TASK GOAL: What is wanted is every line below from the one with "Psd style text effect editable set vol 437" up to and including the one with "Converse STAR PLAYER", retyped exactly, pictures excluded, nothing else.

DATA SUPPLIED:
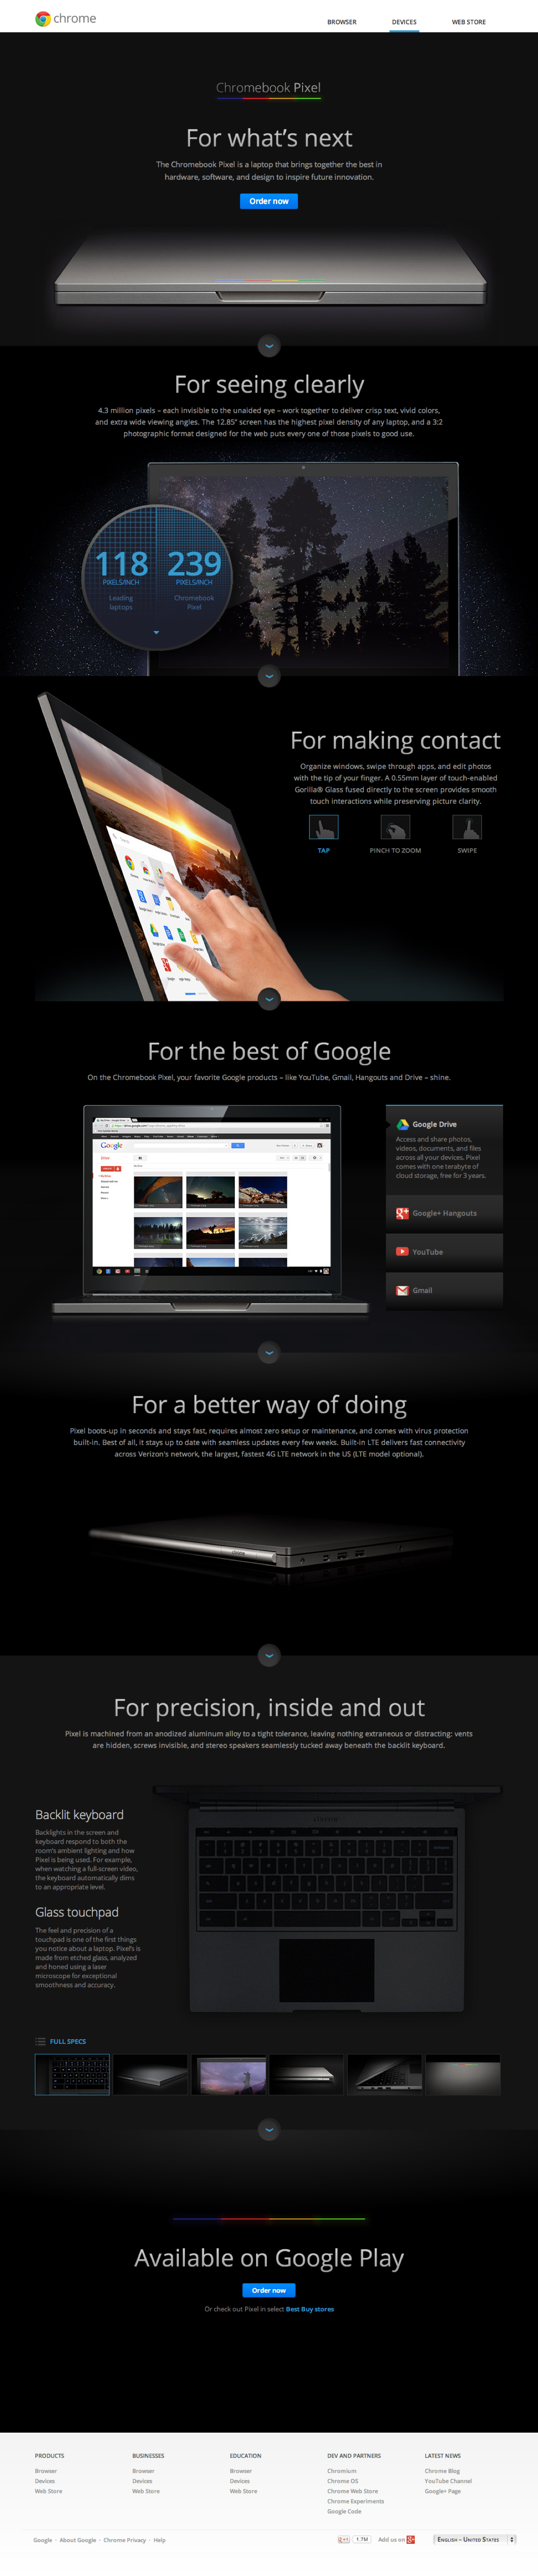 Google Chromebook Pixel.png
--
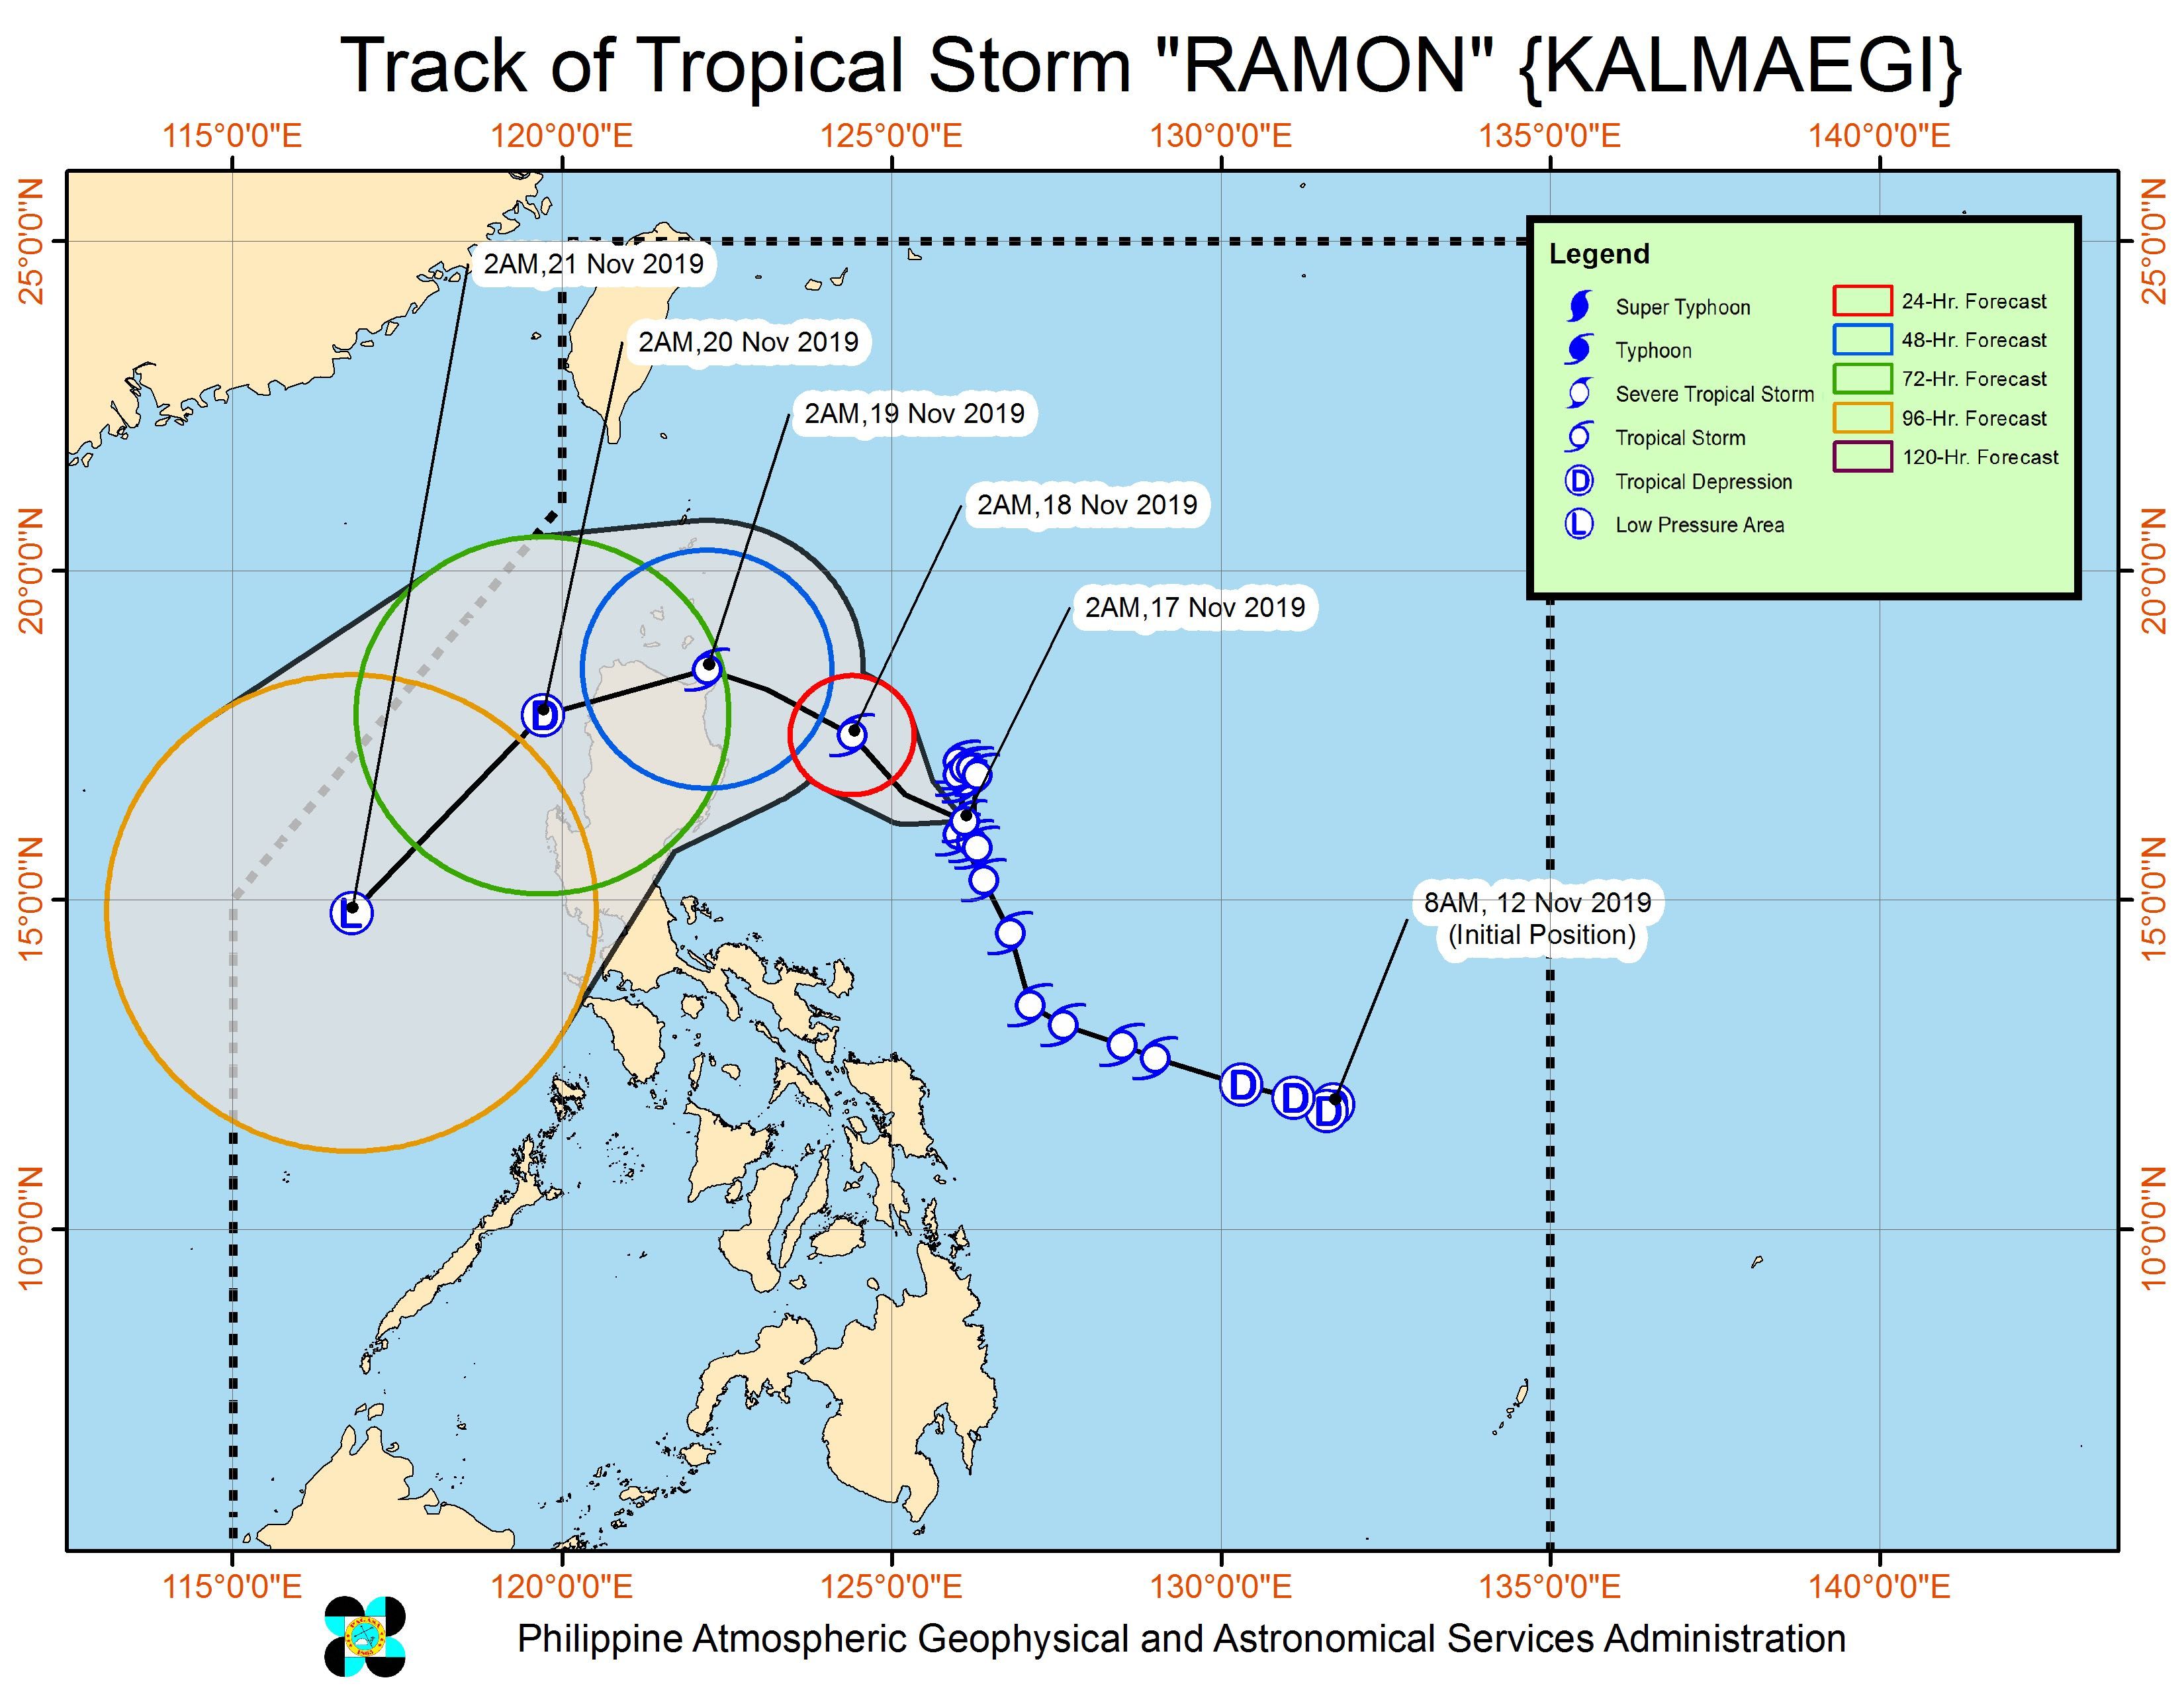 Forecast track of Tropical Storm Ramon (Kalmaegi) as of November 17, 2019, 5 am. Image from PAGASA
==
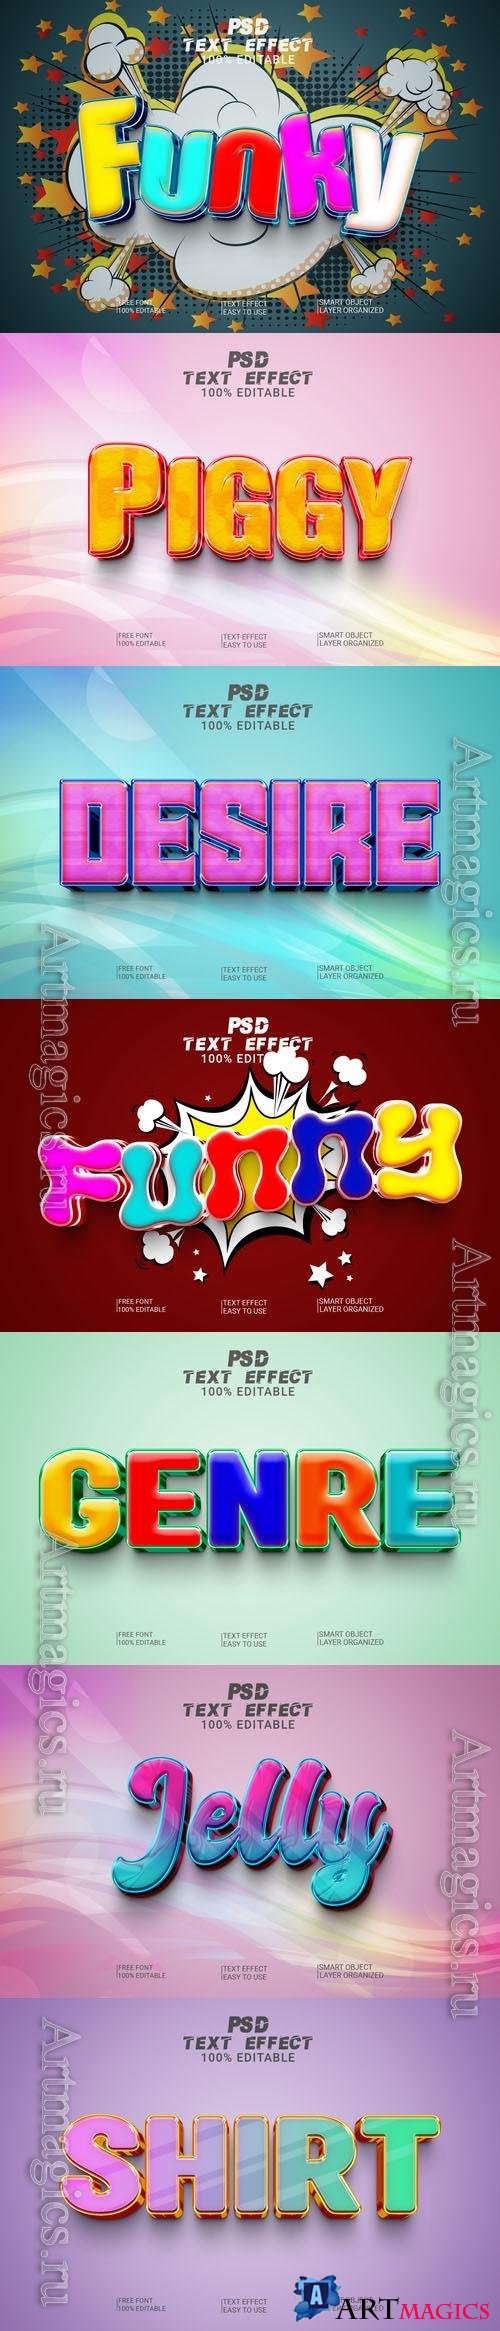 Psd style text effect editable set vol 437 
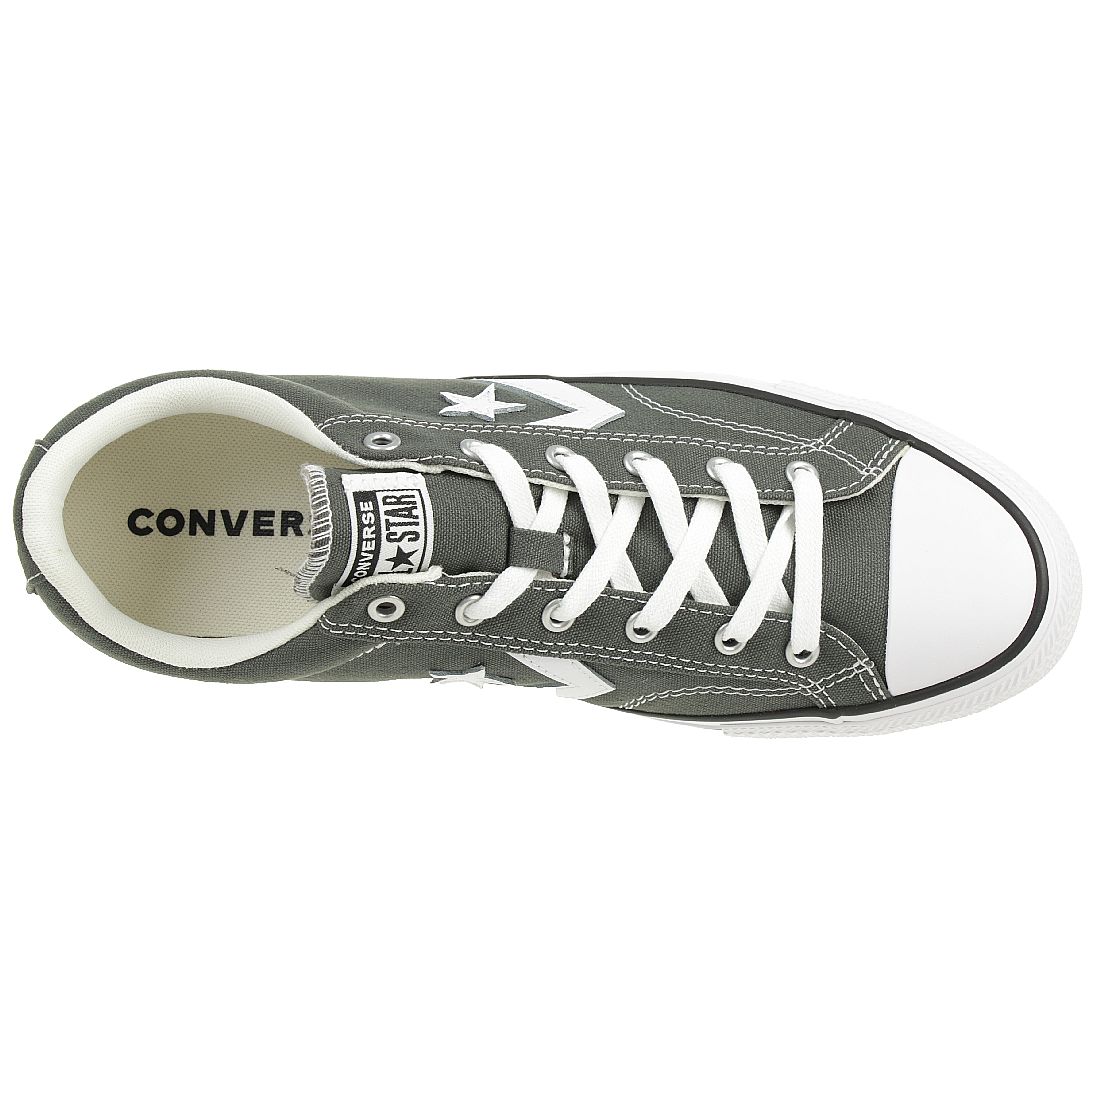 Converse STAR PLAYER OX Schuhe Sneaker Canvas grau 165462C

COMPLETED TASK:
 Psd style text effect editable set vol 437 
 Converse STAR PLAYER OX Schuhe Sneaker Canvas grau 165462C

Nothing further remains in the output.